И если не считать писем, которые она получала и писала сама, то все было по-прежнему. Она вставала рано, чтобы к восьми быть уже на комбинате, ложилась не раньше двух — надо было много читать и специальных книг, и разного другого; с каждым днем интереснее и как бы словно шире становилось жить. У нее уже было много знакомых, и к весне вдруг случилось так, что все вечера у нее сделались занятыми — ее звали наперебой, и она не могла и не хотела не ходить туда, куда звали, — эти ее знакомства были ее гордостью, ее очень большой радостью, очень большим смыслом. Ее звали на семейные праздники, с ней советовались, искали ее дружбы.
Вначале ей было приятно, что, когда она приходила, ее встречали так, как когда-то она встретила Женю, но потом она забыла об этом и уже не замечала той маленькой, трогательной суеты, которая организовывалась вокруг нее, едва она входила.
Уже Сидоров поручал ей проводить собрания домашних хозяек, и она отлично их проводила, хотя и робела вначале. Уже были у нее дела, и не только связанные с детьми: была и подписка на заем — но целым шести корпусам; она входила в культурно-бытовую комиссию и немало делала в клубе; ее слушали при распределении очередности ремонтов квартир — она очень хорошо знала, кому как живется на массиве.
Теперь она не конфузилась больше, приезжая в здравотдел, или в наробраз, или в райком комсомола. С ней были приветливы, многие называли ее запросто — Тося.
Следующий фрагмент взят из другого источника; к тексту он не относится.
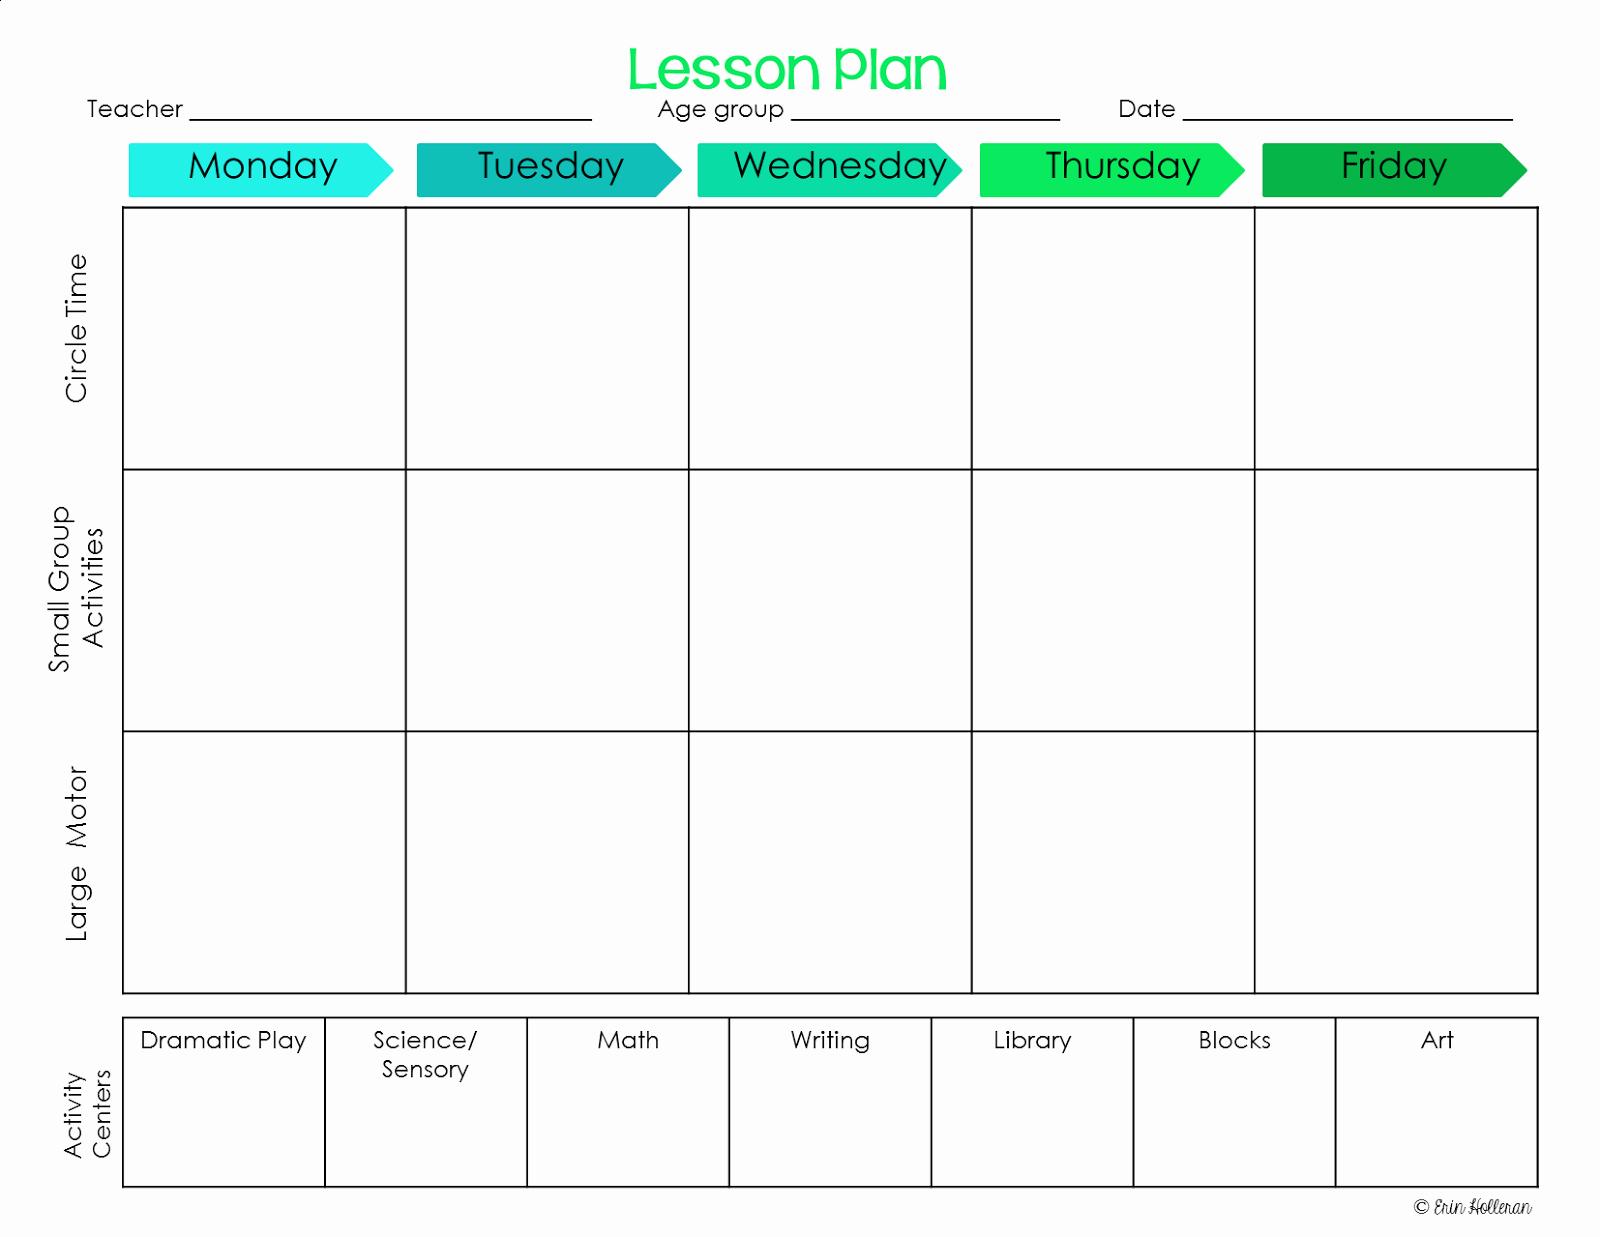 Free Preschool Lesson Plan Template Unique Elegant Free Printable Preschool Lesson Plan Template

И основное дело ее шло хорошо. При яслях она организовала маленькую консультацию — во многом тут помогла ей Женя, — консультация была филиалом районной и сразу очень привилась. Потом возникла идея создания на массиве своего патронажа, то есть своего учета рождаемости и консультации на дому каждой матери. И патронажных сестер она подбирала вместе с Женей и с Иерихоновым, долго обсуждая каждую кандидатуру, советовалась, спорила.
Так наступила весна.
В июне октябрята и пионеры массива были отправлены в лагеря, и она сама с Федей через день, через два ездила туда, сидела вечерами у костров, работала, купалась в речке, загорала…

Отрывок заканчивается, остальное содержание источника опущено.